Uluru (Ayers Rock), Australia
"Travel makes one modest, you see what a tiny place you occupy in the world." Gustave Flaubert
I expected Uluru to be one of those tourist sites you look at for five minutes and you’re done. As it turned out, after two days I still found a peaceful joy in staring at it. It may be a rock but the landscape and colours bring it alive in a way that’s difficult to describe.
Uluru is a sacred Aboriginal and UNESCO world heritage site. Formerly known as Ayers Rock it has reverted to its Aboriginal name in line with a growing recognition of the Aboriginal heritage and land rights in Australia. It’s a special place and fortunately the development around the park has been discreet so as not to take away from the experience.

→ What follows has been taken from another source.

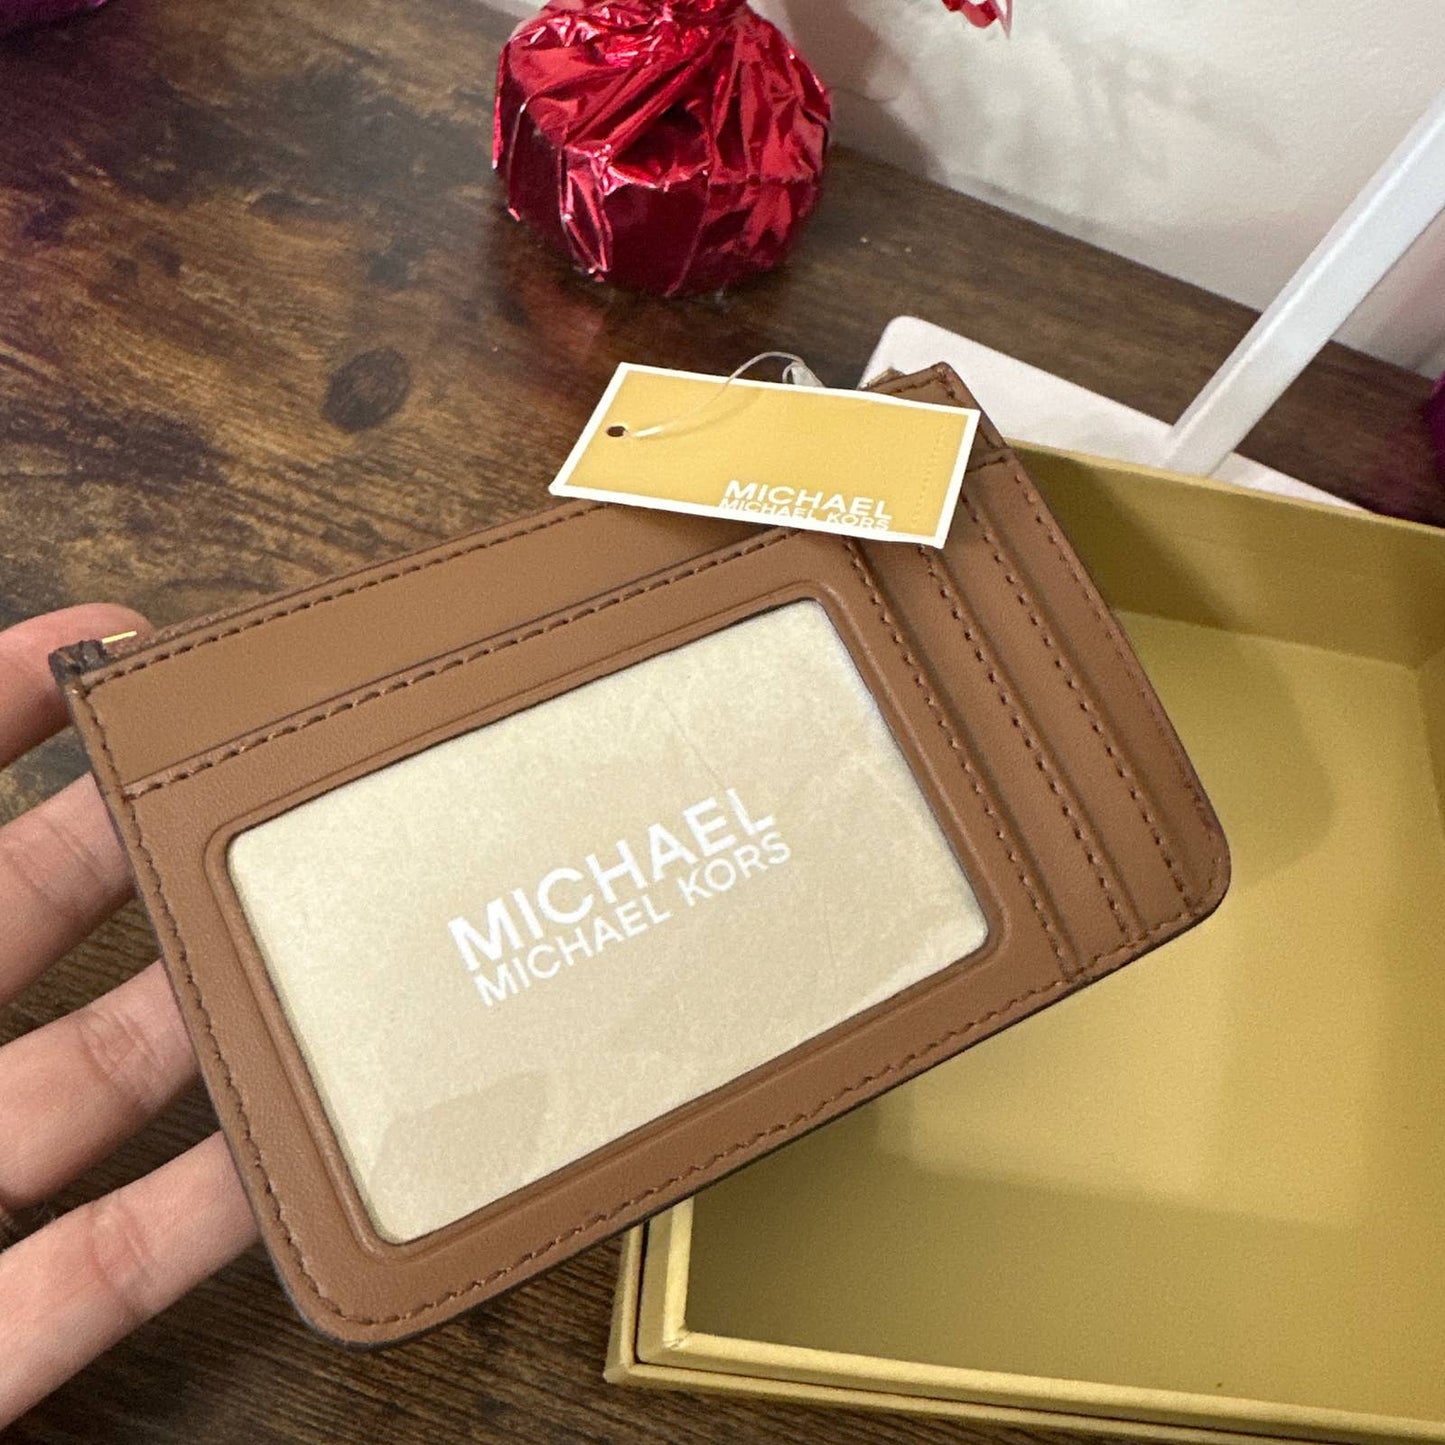 NWT MICHAEL KORS Signature Card Holder / Coin Purse and Airpods Case Gift Set

The 208 mile journey to Uluru from Alice Springs is as much as feast for the eyes as the rock itself. No shopping malls or housing estates, just miles and miles of deep red sand and sparse green shrubs, all set against blue skies. Nature, space, clean air.
Walking around the base of Uluru is a humbling experience, at 1000 feet high and with a circumference of nearly 6 miles I felt tiny next to it. Up close the deep orange colour contrasts beautifully against the surrounding trees and shrubs. Yet another example of the dramatic colours Australia’s natural environment has to offer.
The famous colour change really is the highlight of a visit to Kata Tjuta National Park. There are several viewing areas at a suitable distance to take in the whole rock, where you can make yourself comfortable on a wooden bench surrounded by bush and alongside campers BBQing their dinner.